Over the next several weeks the upper canopy in Ohio corn fields will look much different, as tassels begin to emerge and extend beyond the top leaves of the plant. This visual change signifies that the corn crop will soon be shifting from vegetative into reproductive growth. The first reproductive growth stage (R1) begins when silks extends outside of the husk leaves and typically occurs two to three days after tassel emergence.
The two basic processes that occur during corn reproduction are pollination (transfer of pollen grains from the tassel to the silks) and fertilization (joining of the pollen grain and ovary to create an embryo). Though these processes seem very simple, there is a lot riding on their success. Approximately 85% of the variability in grain yield is related to the number of kernels produced per acre while the remaining 15% of the variability in grain yield is related to the weight of these kernels. Thus, failure in either of these reproductive steps can have a detrimental effect on yield.
The most stress-susceptible period in corn is about one week prior to silking and continues for two weeks after silking. The timing of the stress can result in dramatic differences from one field to the next. A very small variation of even just a day or two difference in flowering date or planting date can cause a substantial effect in the success of pollination and kernel set.
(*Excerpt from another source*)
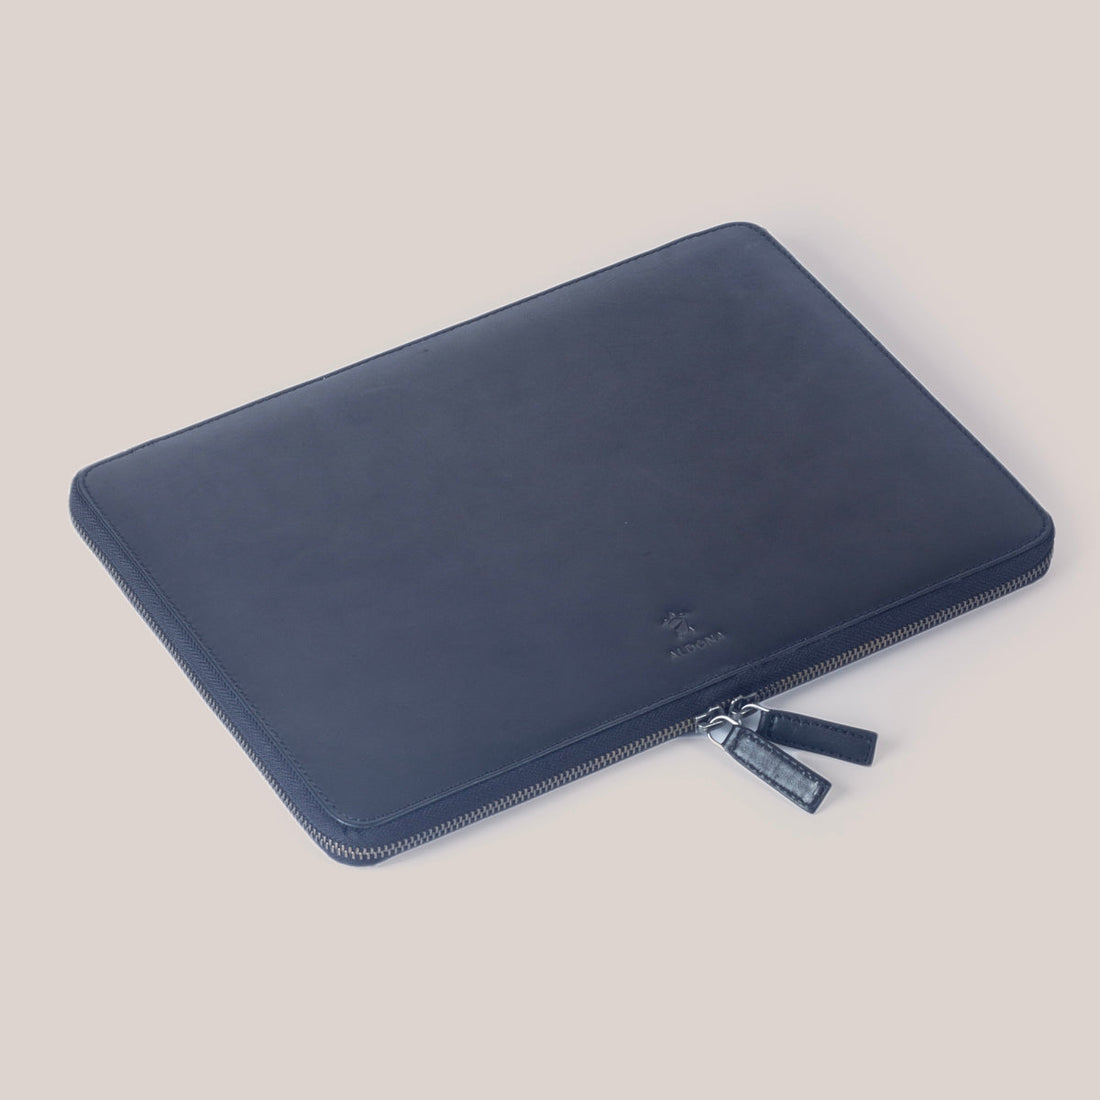 Microsoft Surface Laptop 15 Zippered Laptop Case - Vintage Tan

Water stress is the most common stress factor in corn, although high temperatures and loss of leaf area — from hail, diseases, insects, etc. — can also reduce yield during this critical time especially when coupled with drought stress.
Severe drought any time during plant development can have a negative effect on yield potential, but the greatest impact is when drought stress occurs during the pollination and early grain-fill stages. Research at Iowa State University has shown that yields can be reduced by as much as 40 to 50% when corn undergoes four consecutive days of severe stress during the pollination phase. Moisture stress that occurs during the vegetative growth stages or during later grain fill has much less effect on yield. Stress effects from drought that takes place from one week prior to tasseling through the milk stage causes lack of ovule fertilization or kernel abortion. Moisture stress that occurs from the dough stage to black layer will lead to reduced kernel weight.
The greatest risk of kernel reduction at pollination is the asynchrony of pollen shed and silking. Drought stress tends to accelerate pollen shed while delaying silk growth, which can result in poor “nick” of the pollen and silks. A single plant will shed pollen for only about five days but because of natural field variability in plant development a whole field may take up to 14 days to complete pollen shed. Silks begin elongating from the ovules of the ear shoot about seven days prior to emerging from the ear shoot. Silk growth occurs by cell expansion, so if a plant lacks the necessary water than silk development will be slowed or halted. Silks that emerge after most of the pollen is shed will not likely be pollinated. Moderate silk delay can cause poorly-filled ear tips, whereas more severe stress can result in ears that are nearly or completely barren.
Corn maximizes its growth rate at 86 degrees F during the day and 60 to 65 degrees F at night. When daytime temperatures reach into the 90s, then plant stress results. High daytime temperatures decrease photosynthesis efficiency, which causes the plant to make less sugar that will in turn be used to produce plant biomass and grain. High night temperatures on the other hand can be even more detrimental to corn than high daytime temperatures. Elevated nighttime temperatures increase the respiration rate, causing the plant to spend more energy for the maintenance — energy that could have otherwise been used in dry matter accumulation. The respiration rate of plants increases rapidly as the temperature increases, approximately doubling for each 13 degree F increase. With high night temperatures more of the sugars produced by photosynthesis during the day are lost, which leave less available to fill developing kernels. High nighttime temperatures also result in a shortened grain fill period that will limit the time the crop has to add additional starch to the kernels.
Curious to know how successful your corn fields were at pollinating? Follow the steps below and find out.
1. Remove the ear from the plant.
2. Gently peel the husks from the ear so that the silks are disturbed as little as possible.
3. Grab the ear by the base and hold the ear so that the tip is pointing toward the ground.
4. Gently shake the ear. Silks will fall from fertilized ovules, while silks of ovules not fertilized will remain attached to the developing ovules.
5. Percent pollination is equal to the percent of ovules with no silks attached.